Understanding the lifecycle and the dynamics of blogs has been a topic of interest within computing and information science for many years.  Blogs exhibit peculiar social and temporal features thus making them a rich domain of study and, quite frankly, more interesting than static web pages.  Since this blog is almost four years old, now seems like an appropriate time to review the health of the ISG Blog.  It is not my intention to expose our blog to the kind of detailed analysis one would expect to find in the pages of JASIST; but let's look at some of the most basic numbers...

Now, in an ideal world, or a sensible one for that matter, one would be able to output a .csv file from Blogger which would contain a wealth of data on the number of blog posts, the hits these posts have attracted (per week and per month), number of comments, the identity of referring sites, etc, etc.  Alas, most of this data is unavailable, and any data that is available has to be generated manually making any serious analysis difficult.  Despite these obstacles I displayed sufficient stamina to manually generate some basic blog data and to describe it using the Dataset Publishing Language (DSLP) for running through the Google Public Data Explorer.  (There still remains some XML pain but I did it anyway...).  Data available pertains to the number of blog postings, their total hits (2007-2011), number of comments per blog post and the length of postings.  Data Explorer provides a good overview of the data but doesn't perform any statistics or analysis. I have therefore included some further data analysis below. Anyway, some of the headline figures are as follows:
  • 85 blog postings have been published since October 2007.
  • George Macgregor (i.e. me) was the most prolific blogger, accounting for 87% of all posts.  Johnny Read was next in line, producing 9.41% of all posts; Francis Muir, Jack OFarrell and Keith Trickey each contributed 1.18% of the total posts.
  • 2009 was the most productive year for the blog, with 33 posts being published, accounting for 38.82% of the blog's total posts.
  • The mean number of page views was 29 per blog post (M = 29; SD = 90; IQR = 18).
  • On average, 0.8 reader comments were made in response to the blog postings (M = 0.8; SD = 1.23; IQR = 1).
  • The most read post was this one from October 2009, attracting 751 page views.
Let's look at the last headline figure first.
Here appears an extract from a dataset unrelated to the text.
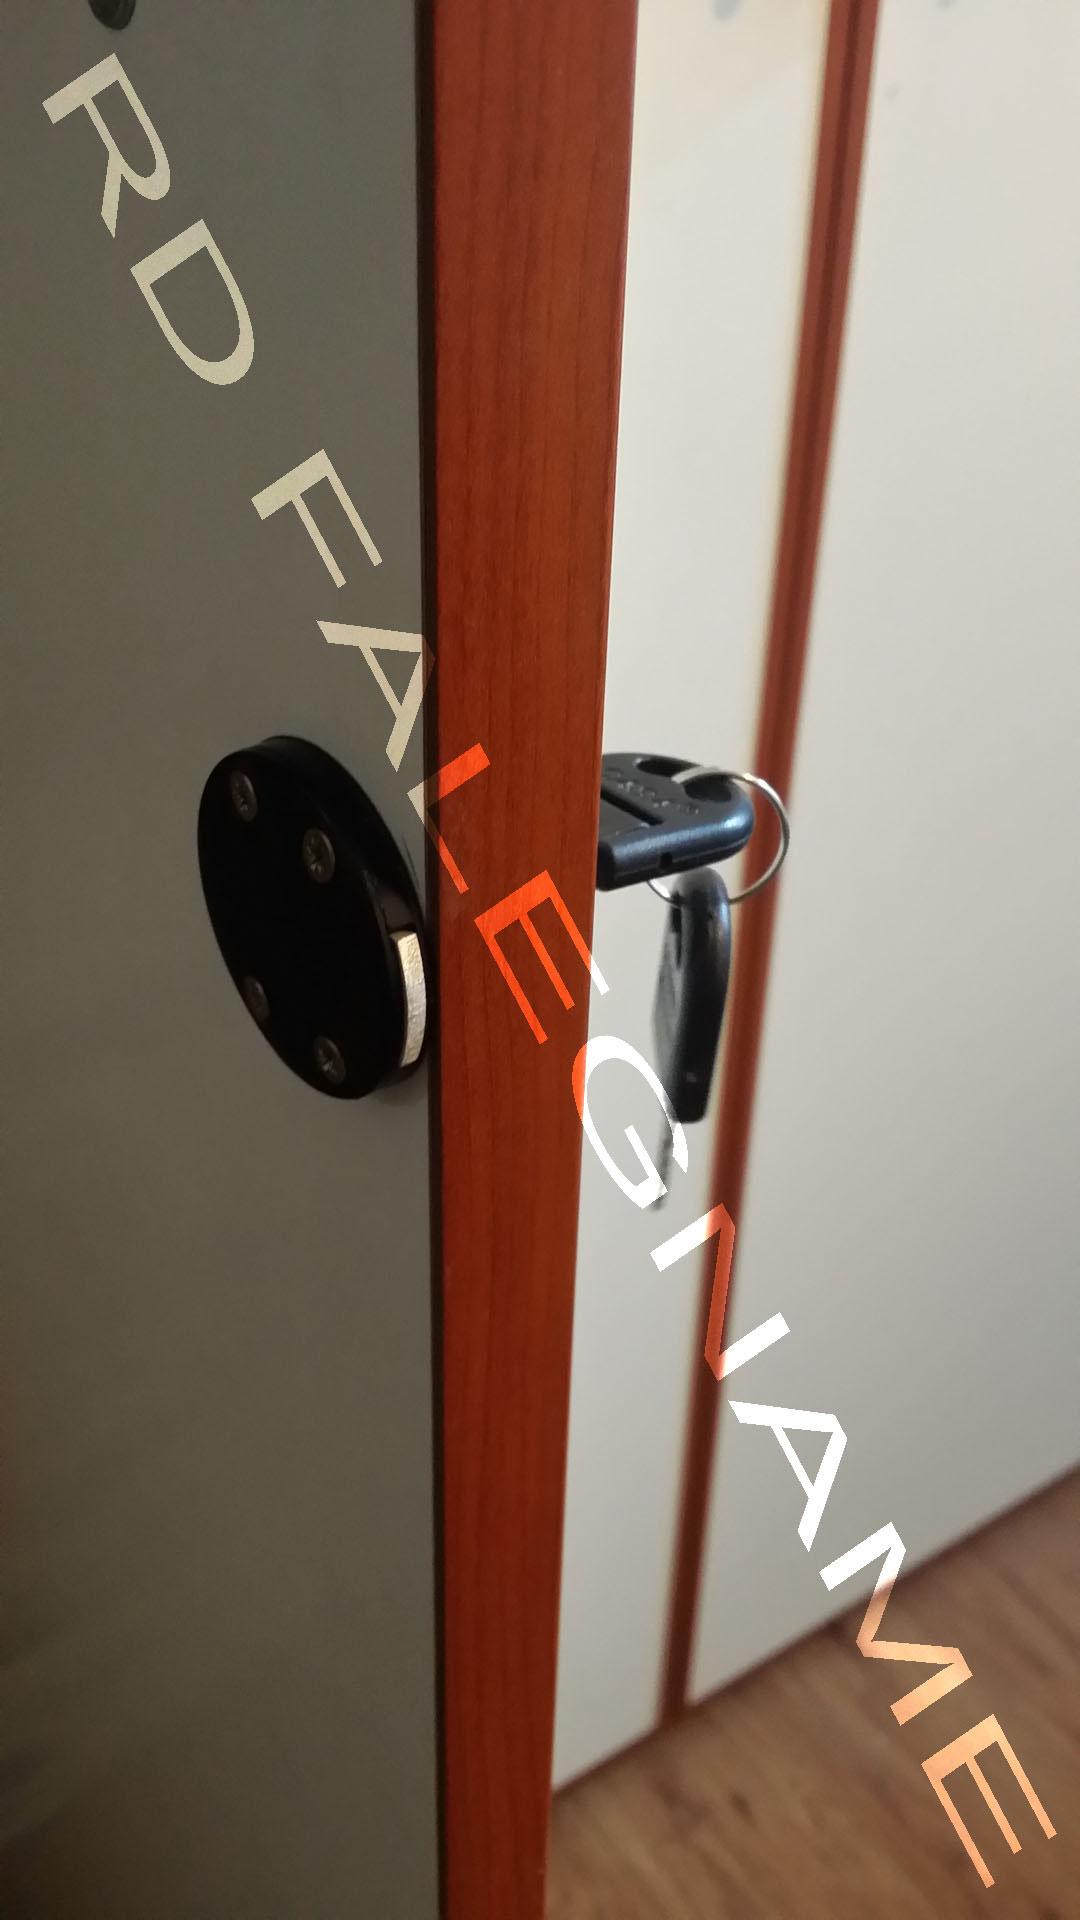 serratura per la chiusura a chiave delle ante di armadi in legno e ferro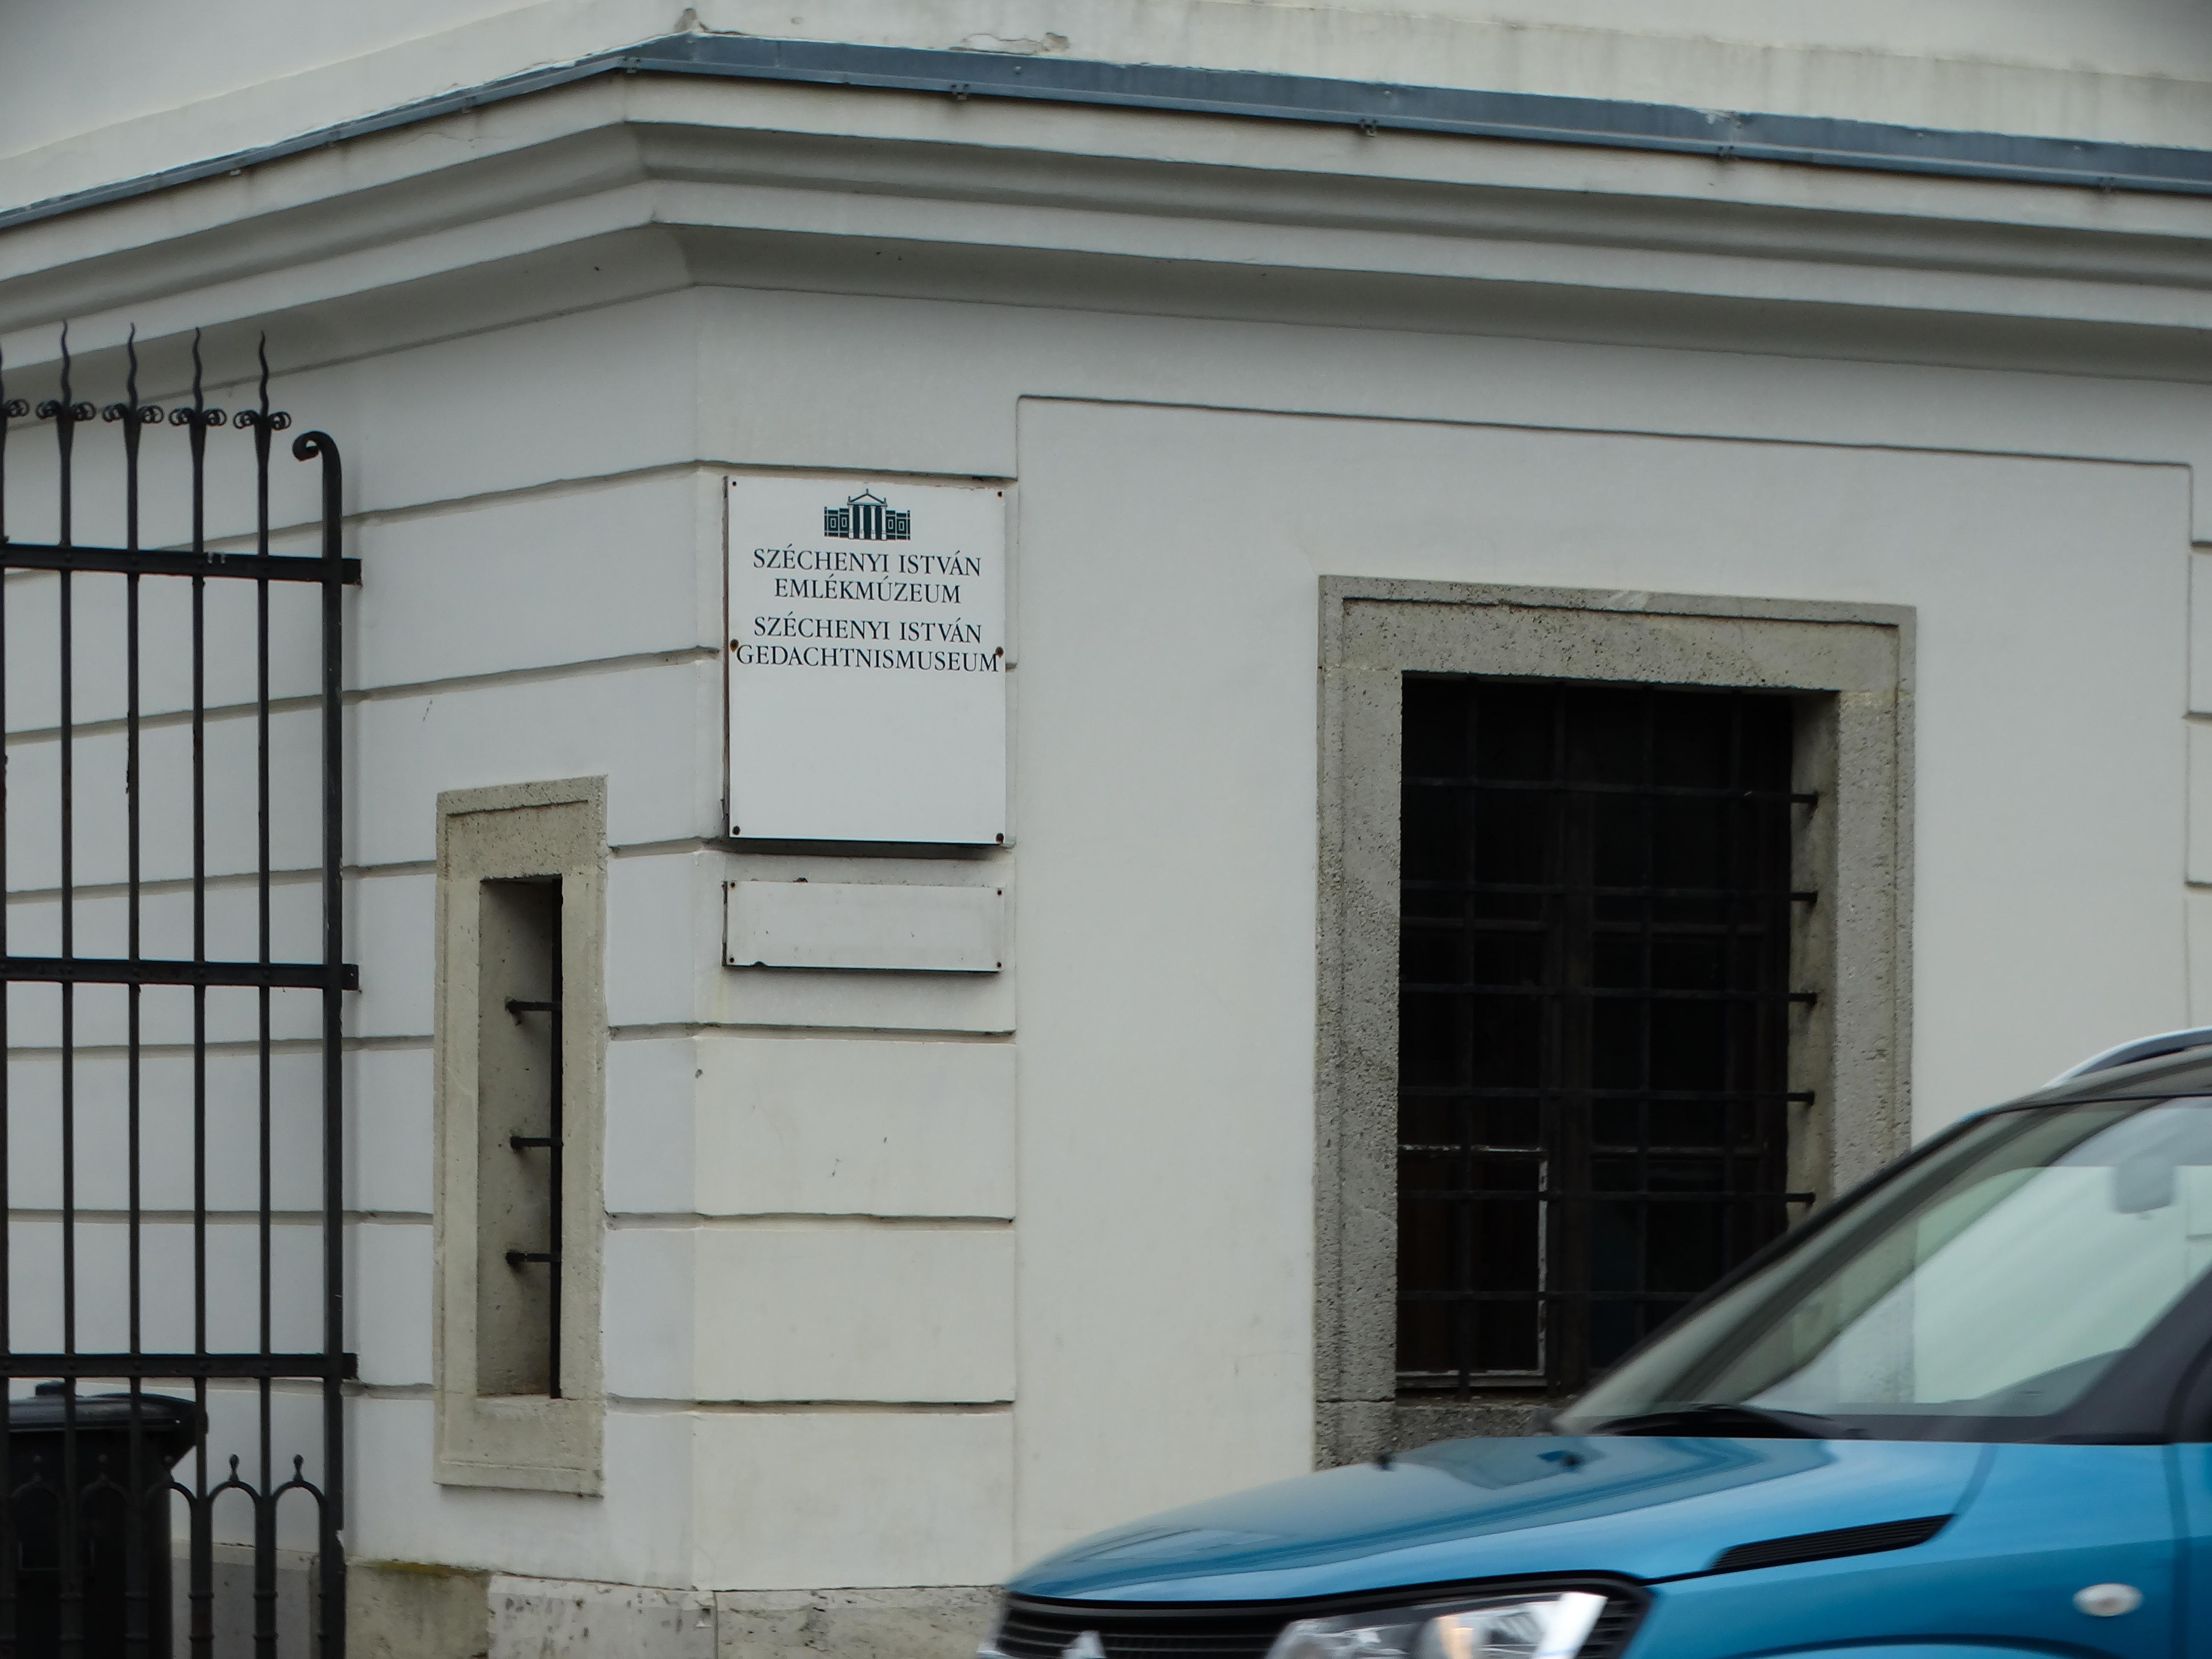 2018.06.25.: Széchenyi-kastély

Figure 1: ISG Blog hits (2007-2011) by author, as viewed in Google Public Data Explorer. 
Blogger provides summary data on blog posting page views, or "hits" if you prefer.  I extracted these manually to get a measure of post impact.  An average of 29 page views is disappointing and – as you can see from the Data Explorer – although there are some traffic spikes which account for the high data dispersion (i.e. SD = 90; IQR = 18), some of the individual page view figures are very low.  However, we must remember two important caveats:  Google Analytics (used to compile the Blogger data) uses a rigid definition of page views in order to flush out transient visitors.  Secondly, many – and perhaps the majority of those dedicated to reading the ISG Blog – will read postings using an RSS reader.  Unfortunately, even Google Analytics can't capture data on consumption made via RSS.  It is therefore safe to assume that these figures grossly underestimate the number of ISG Blog readers.  With this in mind, the top ten most read postings were as follows:
  1. Blackboard on the shopping list (751 page views)
  2. The Kindle according to Cellan-Jones (301 page views)
  3. Some general musing on tag clouds, resource discovery and pointless widgets (235 page views)
  4. Crowd-sourcing facetted information retrieval (103 page views)
  5. Web Teaching Day – 6 Sep 2010 (74 page views)
  6. How much software is there in Liverpool and is it enough to keep me interested? (67 page views)
  7. Trough of disillusionment for microblogging and social software (56 page views)
  8. Jimmy Reid and the public library: an education like no other (52 page views)
  9. Goulash all round: Linked Data at the NSZL (50 page views)
  10. Shout "Yahoo!": more use of metadata and the Semantic Web (46 page views)
Rather surprisingly – but disappointingly given the extra time they take to compose - the top ten most read blog postings tend not to be the longer, more intellectually considered contributions; but the more ephemeral ones.  This is clear from the #1 most read posting, which was merely a brief comment on a blogosphere rumour that Google might acquire Blackboard.  This post evidently fed into the social and temporal characteristics that can typify blogs and must be considered – using the more up-to-date jargon of the Twitterati – a "trending" topic.  It attracted the highest number of page views (751) and comments (9), and to date remains popular (according to some extra data that I have...).  In fact, using Gruhl et al.'s macroscopic blog characteristics typology, this posting could be considered "Mostly Chatter".  "Mostly Chatter" postings are those that attract attention or discussion at moderate levels throughout the entire period of analysis.  The majority of other postings fall within Gruhl et al.'s "Just Spike" category, i.e. they are postings that become active but then suddenly become inactive and demonstrate a very low level of chatter.  This appears to be corroborated by the generally low page view figures for most posts and the average comment figures (M = 0.8; SD = 1.23; IQR = 1).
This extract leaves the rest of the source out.